One of the most moving segments in movie history
But I’m not finished! The above scene and the one that I’m about to describe, while they occupy perhaps eight minutes (~4%) of the film footage, cement Snow Falling on Cedars as the preeminent cinematic achievement for revealing the essence of tyranny in an industrial-age democracy. One might argue Schindler’s List or some of the other movies about the Holocaust, or perhaps modern films like Dances with Wolves that show mistreatment of American Indians, or even brilliant movies about the American slave trade like Amistad represent tyranny better—from the perspective of the tyrannized racial group, anyway.
But we’re not talking about extermination here, rather expropriation and (temporary) displacement/confinement. Prejudice is a large factor, but the key rationalizations made by the ruling elites in America—unhinged from the Constitution—had to do with expediency… and the probable greed of the state and its lackeys to take the wealth of the Japanese victims. [A friend of mine who was born in Canada tells me that in that country, the same relocation of Japanese occurred, and the state would take their fishing boats, not to mention their farms, and sell them, keeping the proceeds.]
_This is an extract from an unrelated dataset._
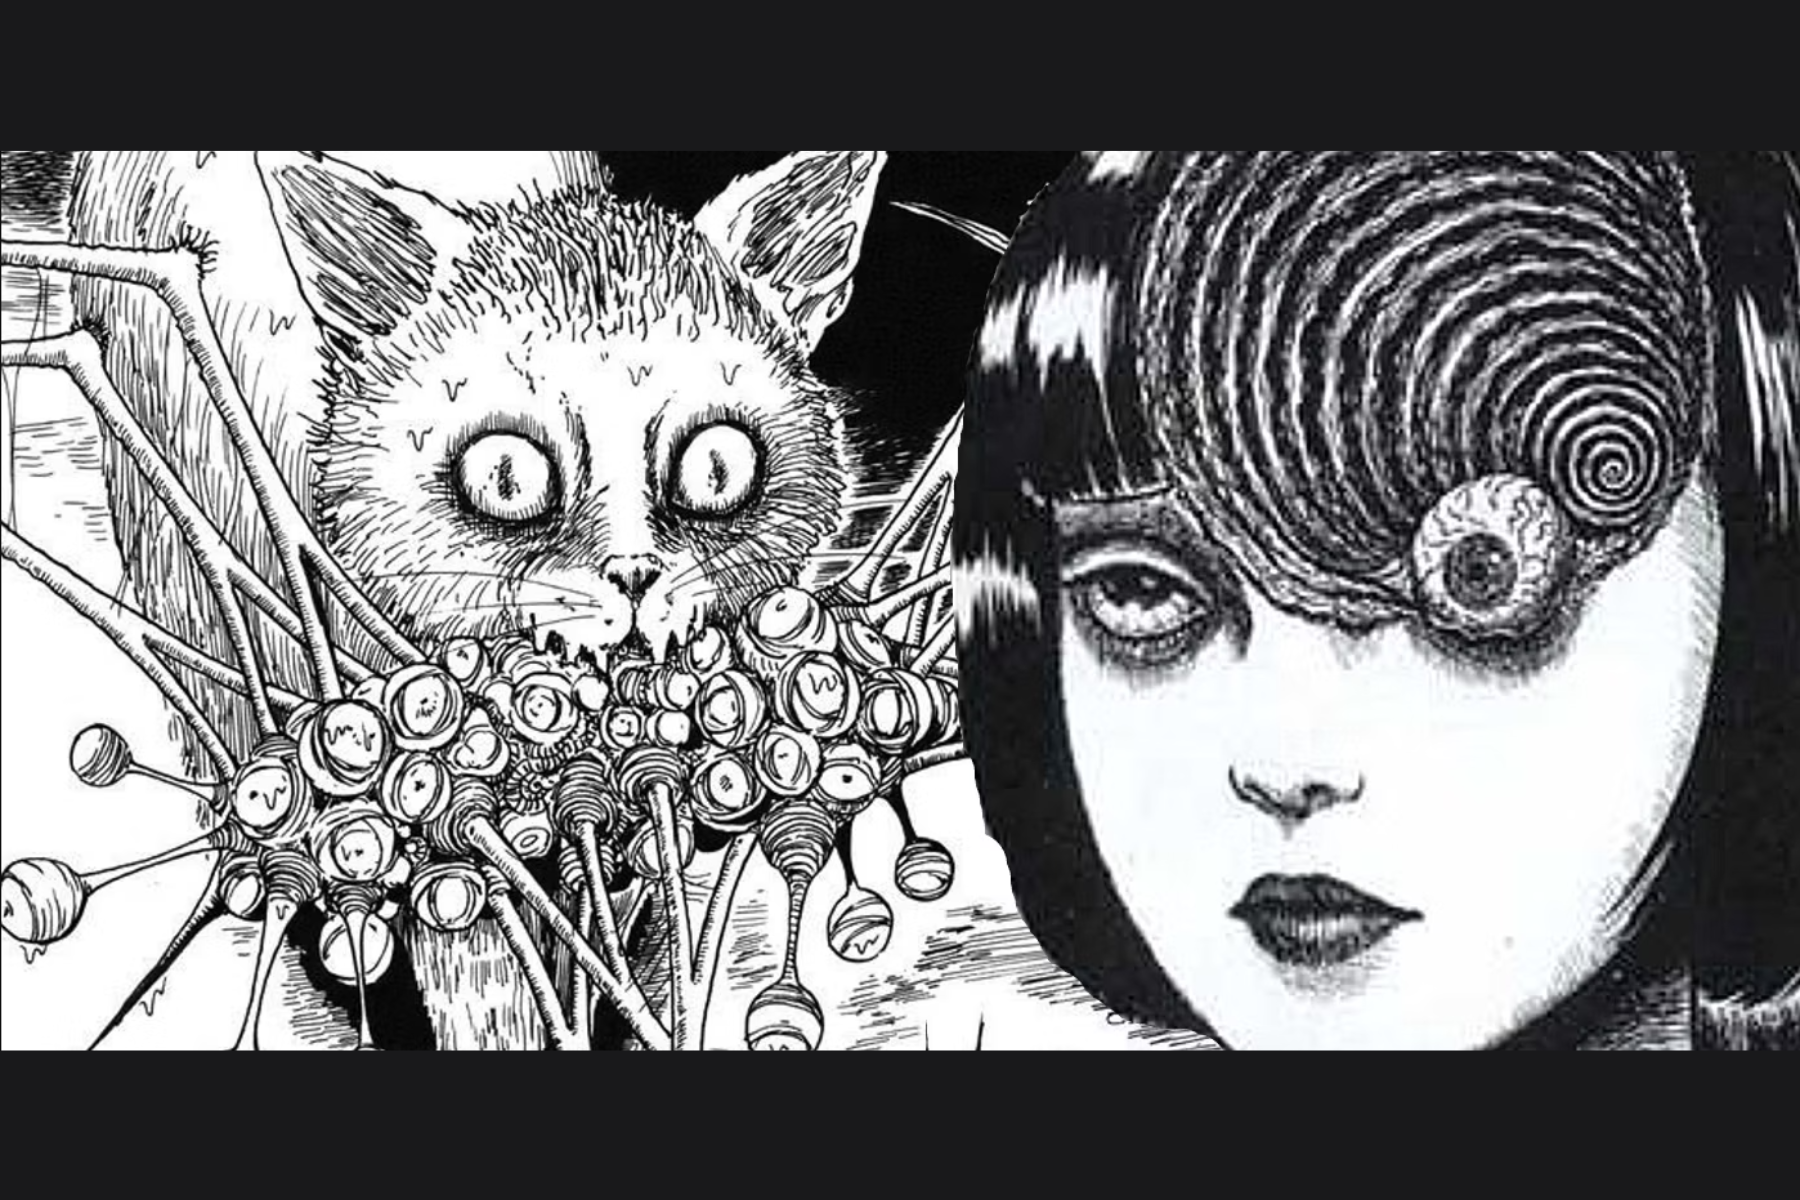 Horror Manga Quiz: Can You Guess the Junji Ito Book Based on its Cover?

The “relocation of persons” sequence begins shortly after the above action removing the personal possessions of the Miyamotos. At daylight the military personnel carriers pick up the relocatees (relos) from their homes. It’s a crisp clear day in winter. Under the lazy gazes of the sentries, the adults walk briskly from the trucks and along the main street of town to be tagged and marched toward the ferry…
You will never see a film sequence like this. To say it moves me is the most inadequate of understatements; I get chills, and tears well up. I find it increasingly difficult to endure. My mind fills with images of other peoples—from time immemorial—cast aside and denied their humanity so the engine of the state can grind senselessly away toward insane ends that have no grounding in ‘the human.’ In particular, I consider those peoples for whom no one speaks, the invisible people… like the millions of ethnic-German civilians, post WWII, butchered or shipped off to the labor camps of the Soviet Union or to Tito’s killing fields, with the knowing acquiescence of the West.
And so many others. This is the banality of tyranny, the routineness of it, where the state systematically rapes and pillages ordinary people and other ordinary people turn away in fear and (self-)loathing. It’s the kind of despotism enabled by good people acting as cowards… and it can happen here. [No rant, I’m only commenting from a deep well of compassion for tyranny’s billions of victims throughout history and sincerely wishing it to end. These scenes from Snow Falling on Cedars are the most touching visual imaginable for unloading the yoke.]
The Rest of the Movie
Of course there’s more: SFOC is an interracial love story, a 1949 murder trial that evokes all the prejudices lying so close to the surface, an examination of journalistic integrity, an (anti-)war story, and a depiction of the “way we were” for a small American island off the Pacific. The photography is stunning, and the music haunting… both so richly enveloping the narrative, as in the movie I reviewed last week, Love Song for Bobby Long. SFOC was nominated for an Oscar for cinematography. Inset on the right is a snapshot from a lovemaking scene shot through the rumpled glass of a shower stall. Beautifully executed. The actors are first rate, the story is authentic, and the appeal to every sense is extraordinary. It deserves many more awards and much more attention than its theatrical release received.
And of course it has the special anti-tyranny kicker for those who care.